I wonder if it would support also non-binary formats. The tool could evolve to handle json, yaml, xml, ini etc...

wwader · on Dec 23, 2021

Hi, fq actually do support json so other similar text formats could work the same way. But it's currently implemented in a big hacky way, it's just a big blob that happens to be work as normal JSON. I've done some attempts at implementing it as a normal fq decoder but it's hard to figure out a way to represent the whitspace between values etc, ends up very clunky or not very user friendly. Any suggestions are very welcomed.

zx2c4 · on Dec 23, 2021

Relatedly, check out GNU Poke: http://www.jemarch.net/poke

pabs3 · on Dec 23, 2021

Also Kaitai Struct:

https://kaitai.io/

And the other things mentioned in the fq README:

https://github.com/HexFiend/HexFiend https://github.com/binspector/binspector

pdpi · on Dec 23, 2021

It’s interesting how people work. Seeing that section of the readme with a laundry list of alternatives made me want to try fq even more.

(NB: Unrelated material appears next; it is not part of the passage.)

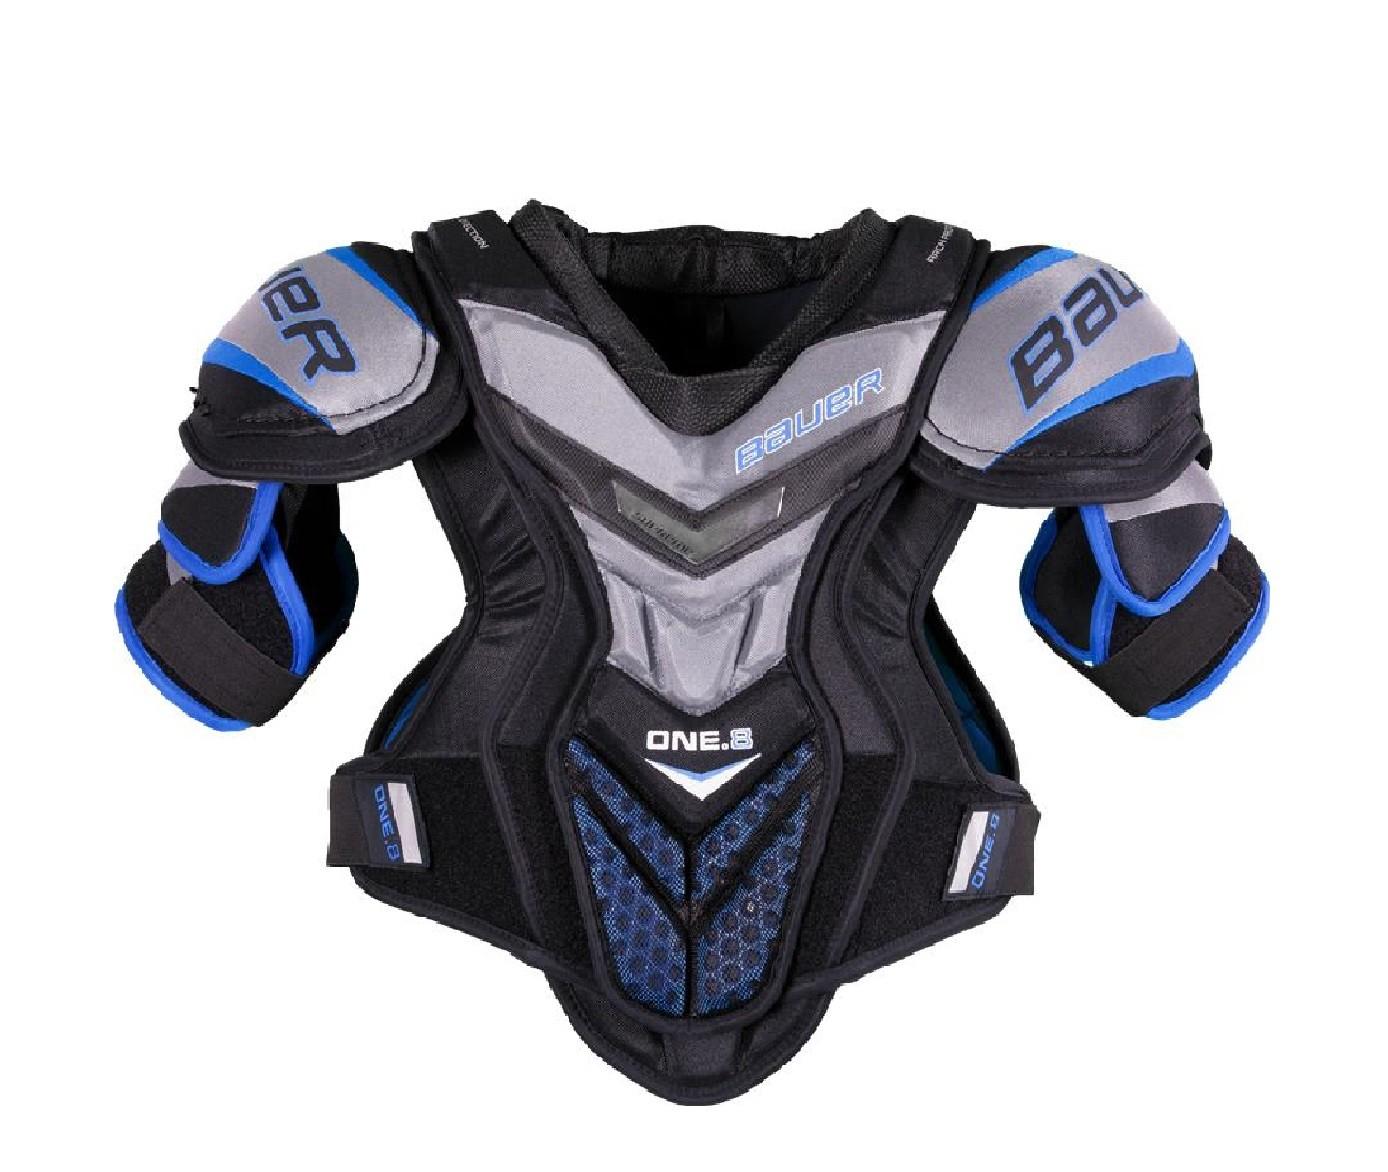 Bauer Supreme One.8 Junior Shoulder Pads
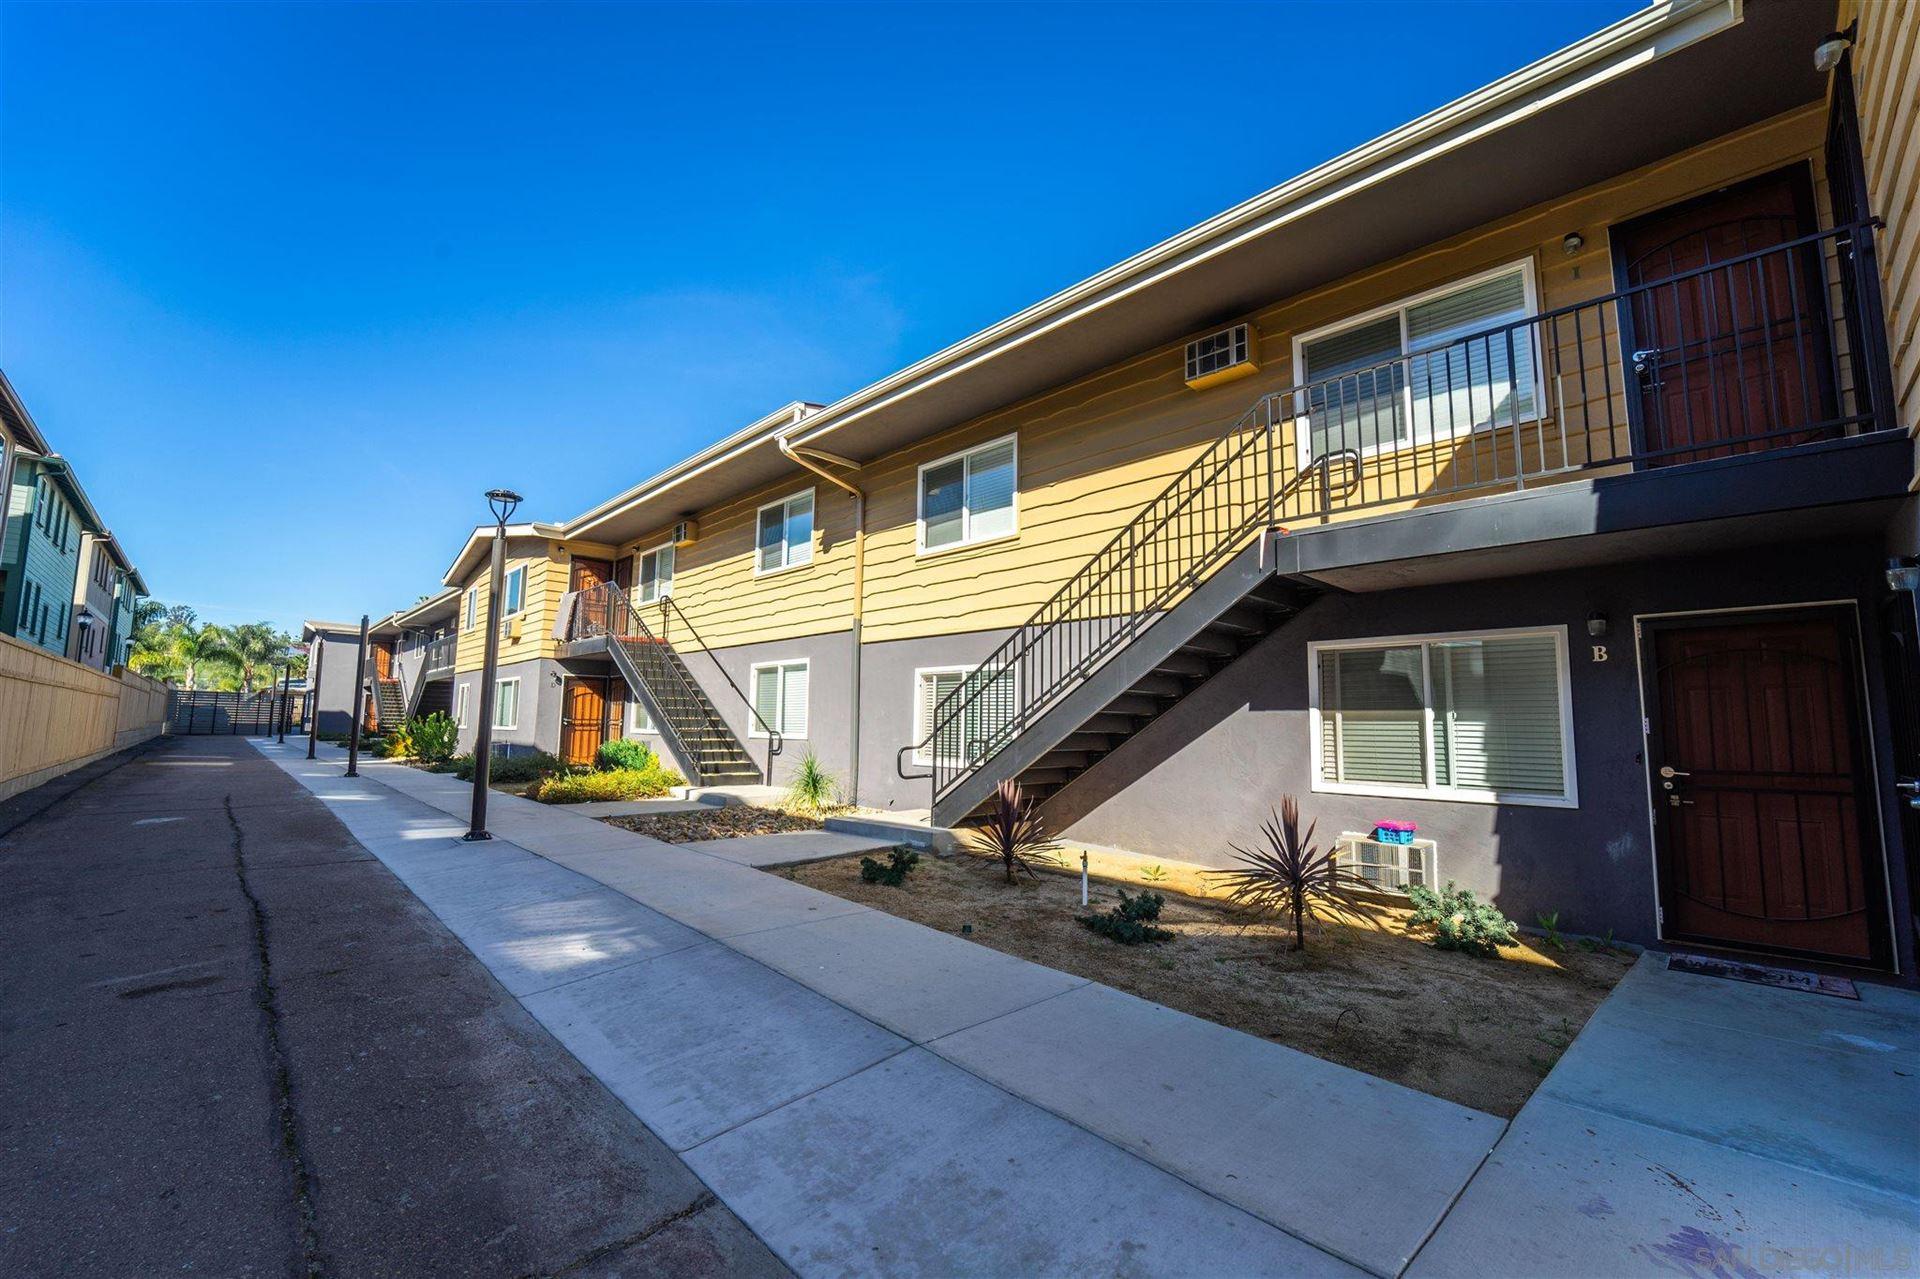 Photo of 424 Emerald Avenue, El Cajon, CA 92020 (MLS # 210017481)

It tells you that the author actually cares about the problem space.

wwader · on Dec 23, 2021

Hi! yes i'm very interested in binary analysis and decoders in general and fq was not built with the intention to compete or replace anything. I usually use fq together with lots of other tools, they all fill different purposes. The more the merrier!

pabs3 · on Dec 23, 2021

The listing of alternatives in the README really should be standard practice for open source projects. OTOH, some maintainers don't like to do that when they haven't evaluated the projects. Perhaps they could still add them with a disclaimer though.

dloss · on Dec 23, 2021

Nice! Some other tools and parsers: https://github.com/dloss/binary-parsing

wwader · on Dec 23, 2021

Lots of tools i didn't know about, thanks

pabs3 · on Dec 23, 2021

You may want to rename that awesome-binary-parsing, having awesome in the URL helps in some circumstances.

userbinator · on Dec 23, 2021

For something that is supposed to be an analog of jq, there is a notable omission from the list of formats: ASN.1.

dikei · on Dec 23, 2021

Can't blame him. ASN.1 is one of the most complicated binary formats, with so many encoding rules that there's no free decoder that can process them all.

XAMPPRocky · on Dec 23, 2021

Shameless plug, but you may be interested in my library (which is MIT/Apache-2.0) that offers decoding from BER/DER/CER all from a single model in code, there's no UPER/APER support at the moment, but it's coming in the next few months. :)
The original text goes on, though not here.